How many Christians have prayed for someone, only to see their prayers go unanswered? How many have prayed and perhaps have “given up” because either they have become discouraged through a weakness of faith or have come to the conclusion that whatever they have been praying for isn’t God’s will? Nevertheless, how we deal with unanswered prayer is not just for our own benefit but for the benefit of others as well. When we pray, we are engaging in the most precious and God-given act of communication with the One to whom we are accountable in all our affairs. We have been truly bought at a steep price—the blood of the Lord Jesus Christ—and therefore we belong to God.
Our privilege of prayer is from God, and it is as much ours now as when it was given to Israel (Deuteronomy 4:7). Yet, when we pray or speak to the One in heaven, there are times when He seems not to answer. In one sense, God answers every prayer with a “yes,” a “no,” or a “wait.” In every case, though, Scripture suggests that our prayers are being dealt with. The Lord Jesus is tender and loving; He loves our communing with God the Father, for He, Himself, is our representative (Hebrews 4:15).
A primary reason why prayer is unanswered is unconfessed sin. God cannot be mocked or deceived, and He who sits enthroned above knows us intimately, down to our every thought (Psalm 139:1-4). If we are not walking in the Way or we harbor enmity in our hearts toward our brother or we ask for things with the wrong motives (such as from selfish desires), then we can expect God not to answer our prayer because He does not hear (2 Chronicles 7:14; Psalm 66:18; James 4:3). Sin is the “stopper” to all the potential blessings that we would receive from the infinite “bottle” of God’s mercy!
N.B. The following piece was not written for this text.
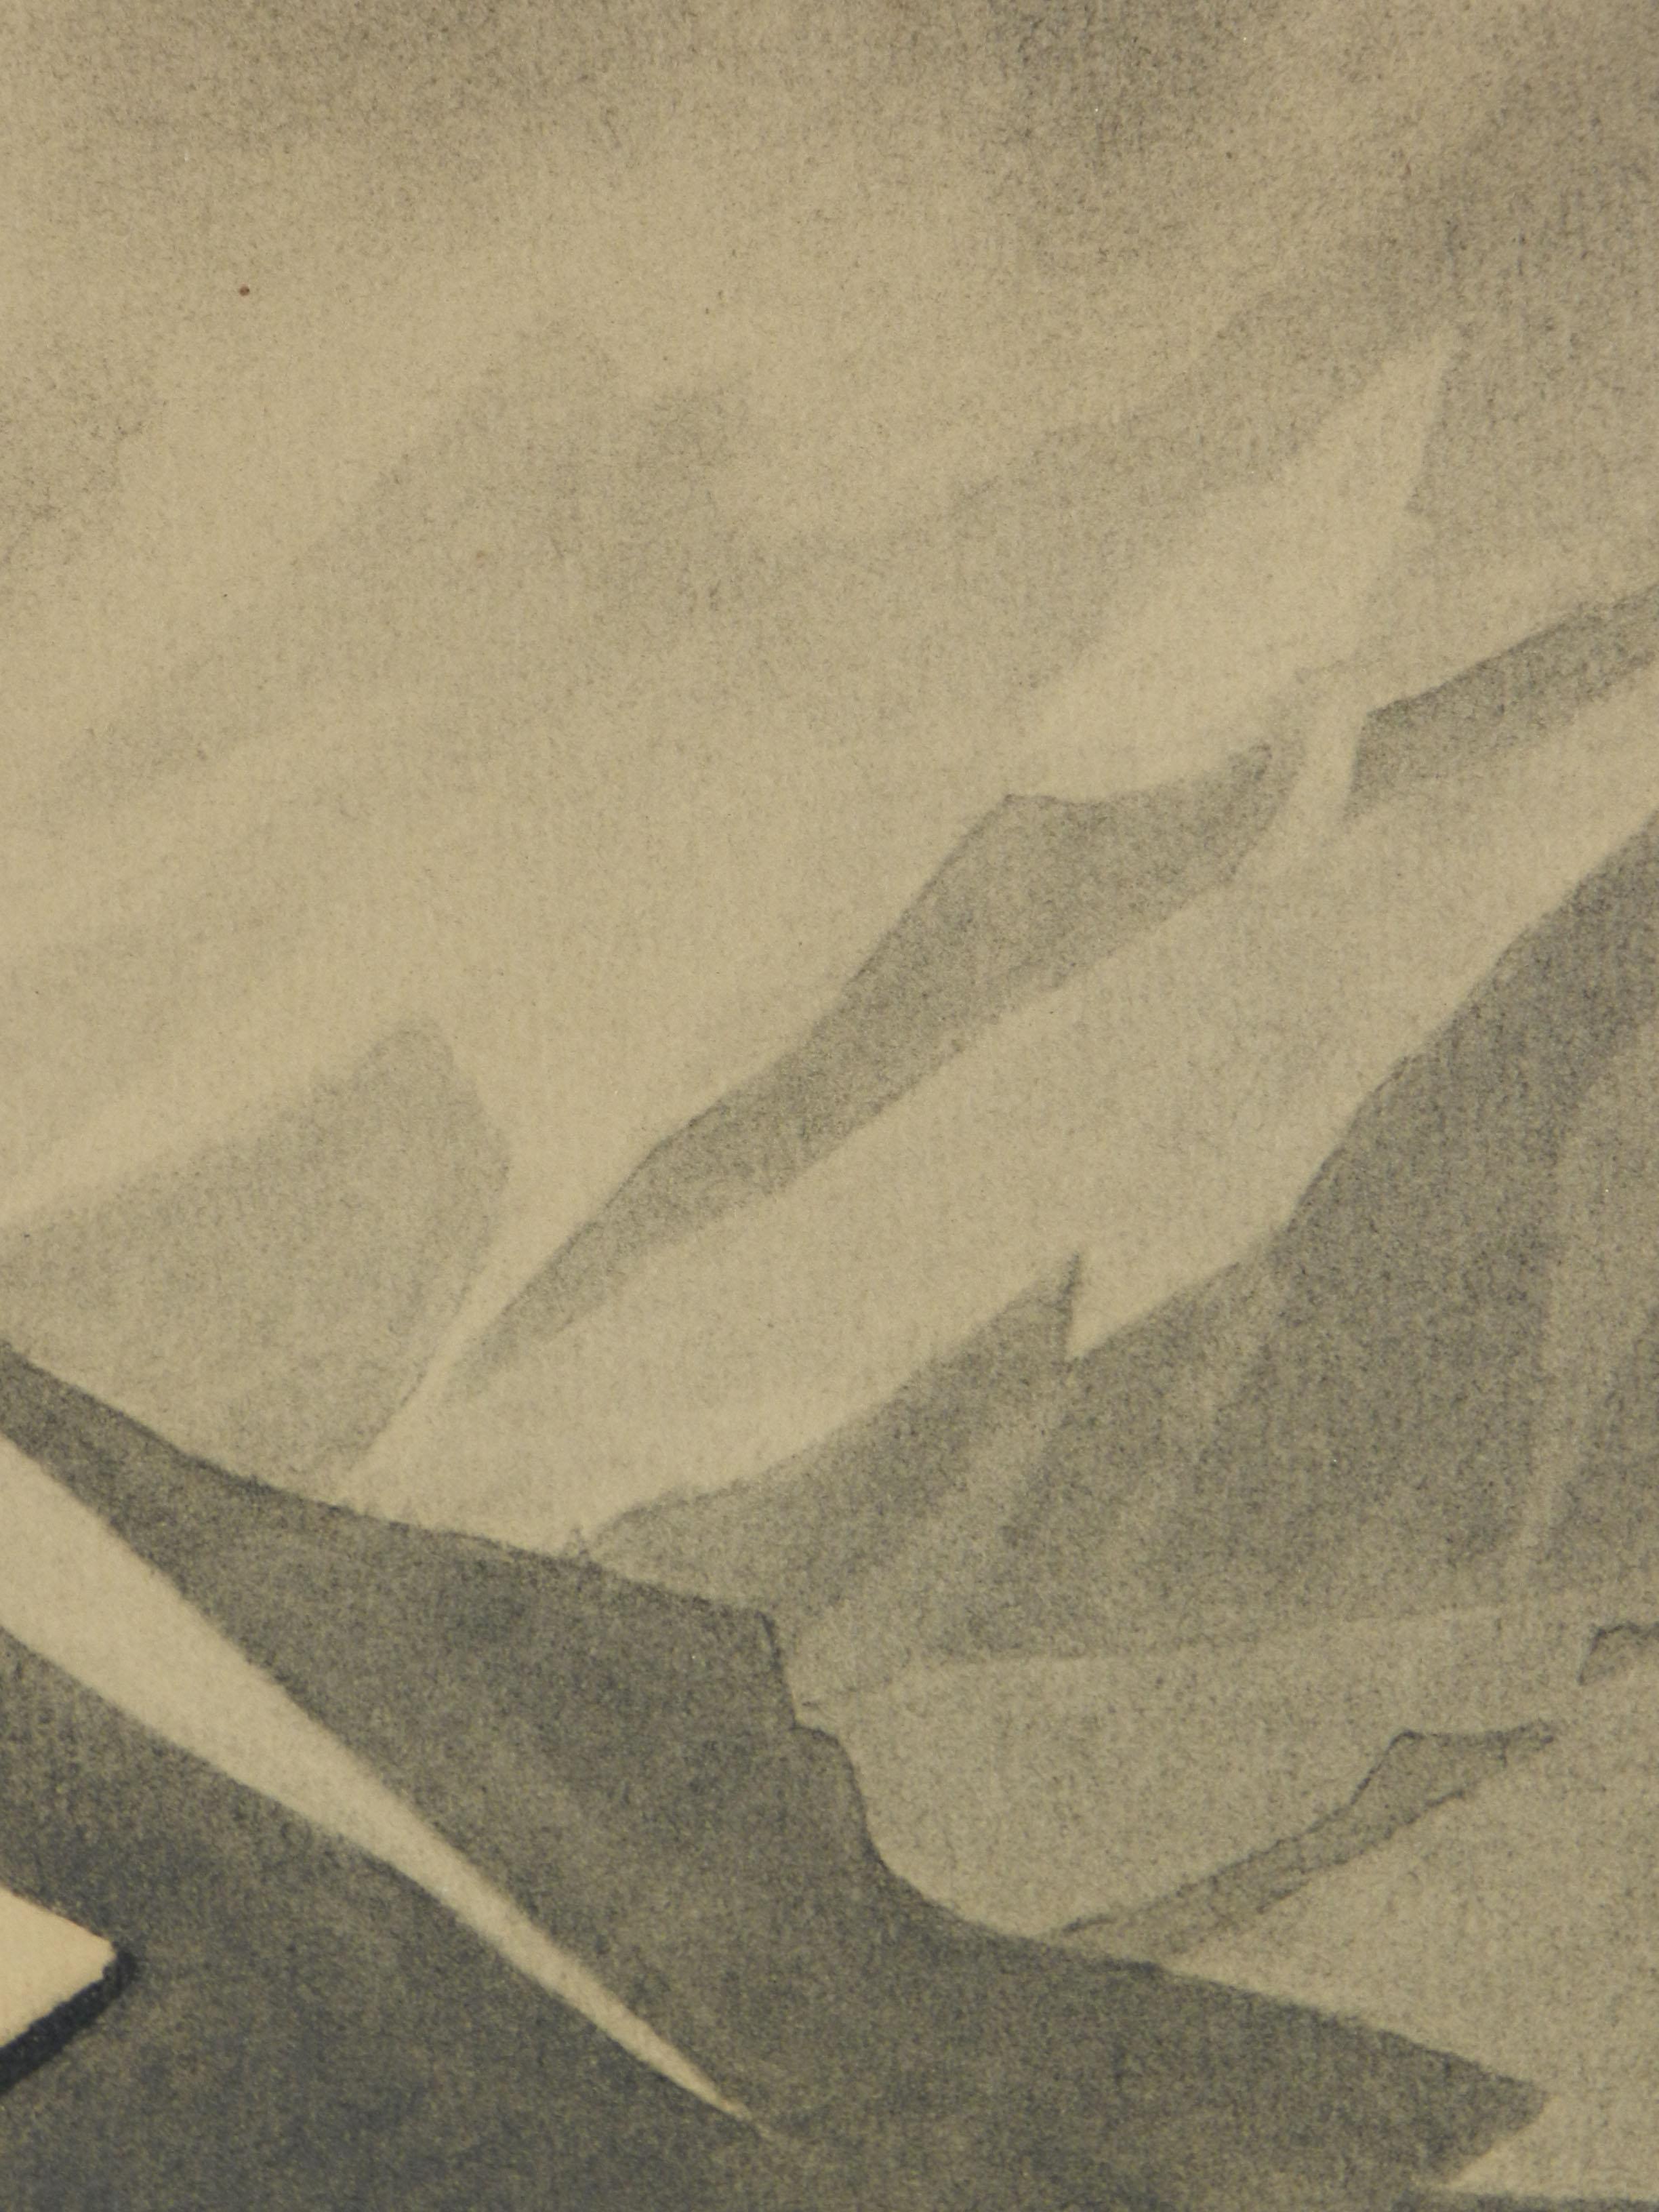 Art Deco Mountain Snow Scene Signed Gisele Berne de Geavisie c1933 3

Indeed, there are times when our prayers are heinous in the Lord’s sight, most notably when we clearly do not belong to the Lord either because of unbelief (Proverbs 15:8) or because we are practicing hypocrisy (Mark 12:40).
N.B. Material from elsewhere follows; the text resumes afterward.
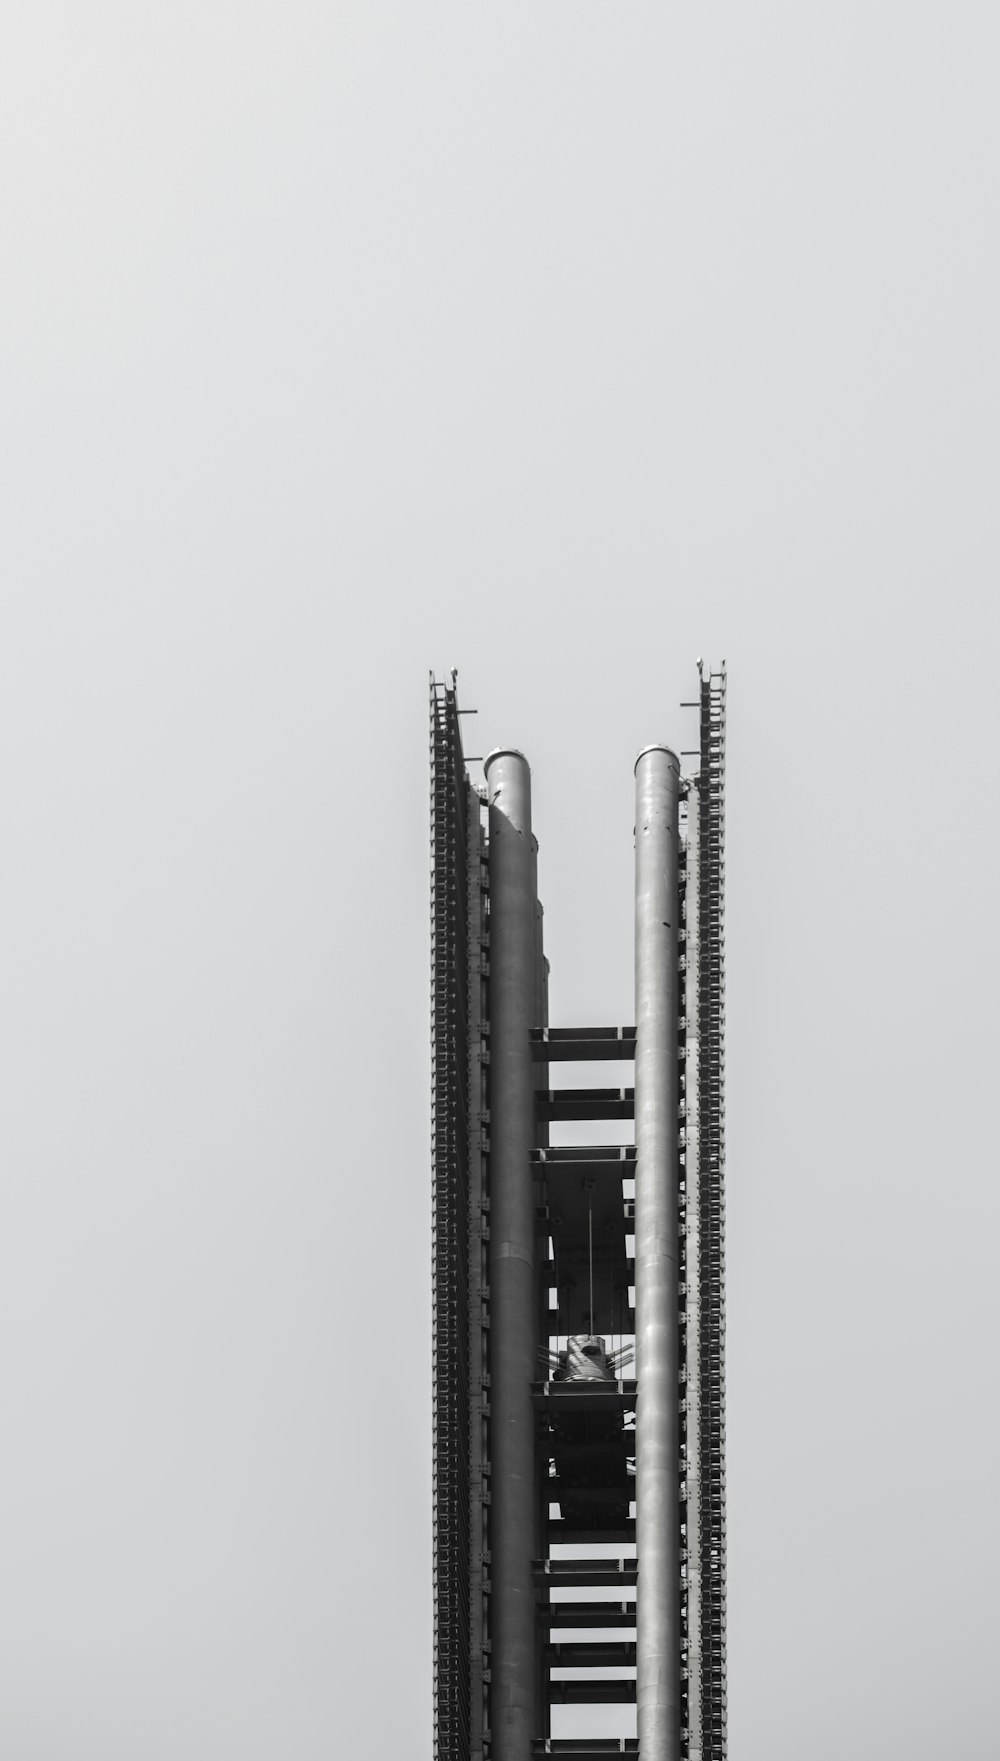 Foto in scala di grigi della torre di metallo grigio

Another reason why prayer seems to go unanswered is that the Lord is drawing out of our faith a deeper reliance and trust in Him, which should bring out of us a deeper sense of gratitude, love and humility. In turn, this causes us to benefit spiritually, for He gives grace to the humble (James 4:6; Proverbs 3:34). Oh, how one feels for that poor Canaanite woman, who cried out incessantly to our Lord for mercy when He was visiting the region of Tyre and Sidon (Matthew 15:21-28)! She was hardly the person a Jewish rabbi would pay attention to. She was not a Jew and she was a woman, two reasons that Jews ignored her. The Lord doesn’t seem to answer her petitions, but He knew all about her situation. He may not have answered her stated needs immediately, but still He heard and granted her request.
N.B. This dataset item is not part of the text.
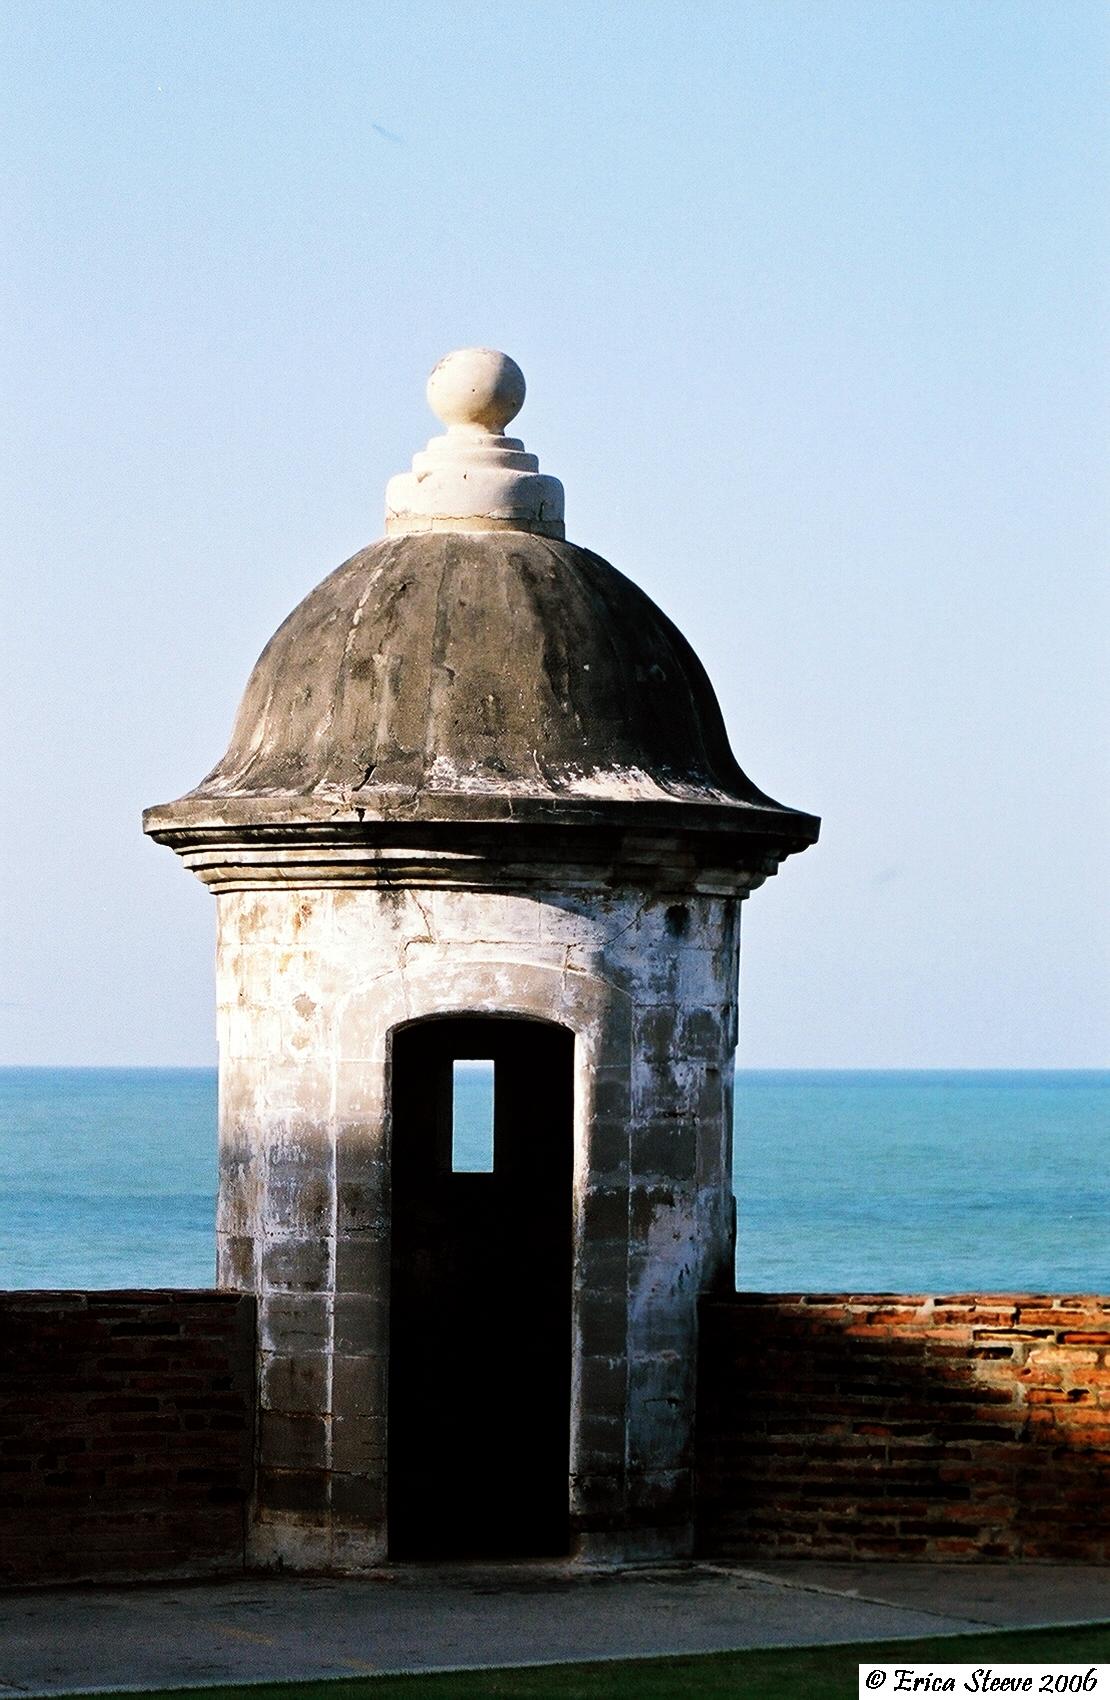 Sentry box outside of San Cristobal fort

God may often seem silent to us, but He never sends us away empty-handed. Even if prayer has not been answered, we must rely upon God to do so in His own time. Even the exercise of prayer is a blessing to us; it is because of our faith that we are stirred to persist in prayer. It is faith that pleases God (Hebrews 11:6), and if our prayer life is wanting, does that not reflect our spiritual standing also? God hears our impoverished cries for mercy, and His silence inflames us with a sense of persistence in prayer. He loves us to reason with Him. Let us hunger for the things that are after God’s heart and let us walk in His ways and not our own. If we are faithful to pray without ceasing, then we are living in the will of God, and that can never be wrong (1 Thessalonians 5:17-18).